◆ What you need to do ◆
Copy each line of the following material that has the string "arquitectura".

=== Records for the exercise ===

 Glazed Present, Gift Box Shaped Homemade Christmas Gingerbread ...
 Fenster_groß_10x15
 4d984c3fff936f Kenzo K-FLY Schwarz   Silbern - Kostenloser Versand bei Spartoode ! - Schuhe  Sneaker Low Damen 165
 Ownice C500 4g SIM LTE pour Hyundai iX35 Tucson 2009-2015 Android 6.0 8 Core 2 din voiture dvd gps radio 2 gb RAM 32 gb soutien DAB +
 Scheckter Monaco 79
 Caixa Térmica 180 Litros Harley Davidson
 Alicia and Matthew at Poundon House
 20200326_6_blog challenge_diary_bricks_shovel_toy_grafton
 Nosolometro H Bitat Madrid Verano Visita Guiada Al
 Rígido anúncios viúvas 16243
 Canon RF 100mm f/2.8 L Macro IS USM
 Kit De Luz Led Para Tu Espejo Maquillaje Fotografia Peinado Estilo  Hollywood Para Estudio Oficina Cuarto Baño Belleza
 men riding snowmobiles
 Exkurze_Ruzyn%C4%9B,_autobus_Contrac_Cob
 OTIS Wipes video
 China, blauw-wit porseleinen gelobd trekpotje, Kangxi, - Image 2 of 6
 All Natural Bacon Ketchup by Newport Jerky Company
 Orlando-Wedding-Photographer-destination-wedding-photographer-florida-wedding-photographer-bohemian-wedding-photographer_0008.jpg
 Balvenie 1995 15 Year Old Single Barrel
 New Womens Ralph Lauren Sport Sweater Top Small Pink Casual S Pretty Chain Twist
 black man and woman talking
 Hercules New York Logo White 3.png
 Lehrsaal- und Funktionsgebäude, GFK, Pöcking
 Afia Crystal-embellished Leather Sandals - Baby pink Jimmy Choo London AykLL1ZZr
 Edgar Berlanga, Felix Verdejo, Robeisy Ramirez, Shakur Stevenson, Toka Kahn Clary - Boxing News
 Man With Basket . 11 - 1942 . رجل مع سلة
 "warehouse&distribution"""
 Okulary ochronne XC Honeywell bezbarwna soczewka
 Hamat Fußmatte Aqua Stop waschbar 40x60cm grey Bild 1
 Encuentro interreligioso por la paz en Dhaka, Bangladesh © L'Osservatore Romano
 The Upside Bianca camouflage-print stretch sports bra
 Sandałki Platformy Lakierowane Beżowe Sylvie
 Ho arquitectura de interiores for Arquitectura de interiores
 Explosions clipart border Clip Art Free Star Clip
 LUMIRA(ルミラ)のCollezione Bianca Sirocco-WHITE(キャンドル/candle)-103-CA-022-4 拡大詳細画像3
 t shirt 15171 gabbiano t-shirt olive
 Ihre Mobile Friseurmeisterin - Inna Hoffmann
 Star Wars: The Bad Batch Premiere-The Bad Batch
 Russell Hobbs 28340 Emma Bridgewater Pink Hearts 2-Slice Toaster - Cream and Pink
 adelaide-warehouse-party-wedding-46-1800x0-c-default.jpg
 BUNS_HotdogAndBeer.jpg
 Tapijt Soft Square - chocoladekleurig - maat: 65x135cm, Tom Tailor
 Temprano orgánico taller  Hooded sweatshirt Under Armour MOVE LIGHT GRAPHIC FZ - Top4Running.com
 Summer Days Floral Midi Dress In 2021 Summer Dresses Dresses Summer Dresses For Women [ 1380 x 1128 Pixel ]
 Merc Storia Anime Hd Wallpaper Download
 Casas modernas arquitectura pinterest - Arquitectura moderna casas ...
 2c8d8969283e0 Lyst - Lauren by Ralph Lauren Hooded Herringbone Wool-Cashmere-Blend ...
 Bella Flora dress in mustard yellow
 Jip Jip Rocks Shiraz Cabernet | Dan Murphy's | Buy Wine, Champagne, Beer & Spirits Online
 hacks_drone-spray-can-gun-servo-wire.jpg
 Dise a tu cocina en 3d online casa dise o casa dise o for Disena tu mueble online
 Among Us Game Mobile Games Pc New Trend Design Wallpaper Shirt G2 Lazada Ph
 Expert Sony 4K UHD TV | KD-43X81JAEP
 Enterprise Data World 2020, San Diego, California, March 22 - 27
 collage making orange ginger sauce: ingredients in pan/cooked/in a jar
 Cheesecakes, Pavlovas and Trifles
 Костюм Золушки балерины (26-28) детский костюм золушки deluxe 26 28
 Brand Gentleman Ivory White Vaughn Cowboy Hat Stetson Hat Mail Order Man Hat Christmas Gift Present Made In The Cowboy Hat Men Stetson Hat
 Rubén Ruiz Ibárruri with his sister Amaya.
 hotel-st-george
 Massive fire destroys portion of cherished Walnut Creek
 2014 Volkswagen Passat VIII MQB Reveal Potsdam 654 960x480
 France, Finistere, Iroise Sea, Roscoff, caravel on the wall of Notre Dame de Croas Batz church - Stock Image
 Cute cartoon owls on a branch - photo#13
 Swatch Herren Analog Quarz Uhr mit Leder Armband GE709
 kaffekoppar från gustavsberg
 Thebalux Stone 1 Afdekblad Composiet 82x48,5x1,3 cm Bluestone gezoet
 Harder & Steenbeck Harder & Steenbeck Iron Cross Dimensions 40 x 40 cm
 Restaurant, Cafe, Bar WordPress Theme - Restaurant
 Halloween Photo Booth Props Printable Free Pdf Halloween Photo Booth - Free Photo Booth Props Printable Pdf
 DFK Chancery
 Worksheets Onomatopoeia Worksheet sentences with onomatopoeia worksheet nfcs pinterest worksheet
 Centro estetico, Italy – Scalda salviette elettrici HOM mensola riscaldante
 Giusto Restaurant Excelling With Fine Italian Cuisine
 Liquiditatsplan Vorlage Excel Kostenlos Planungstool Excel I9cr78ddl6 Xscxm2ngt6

===

◆ Answer box ◆
 Ho arquitectura de interiores for Arquitectura de interiores
 Casas modernas arquitectura pinterest - Arquitectura moderna casas ...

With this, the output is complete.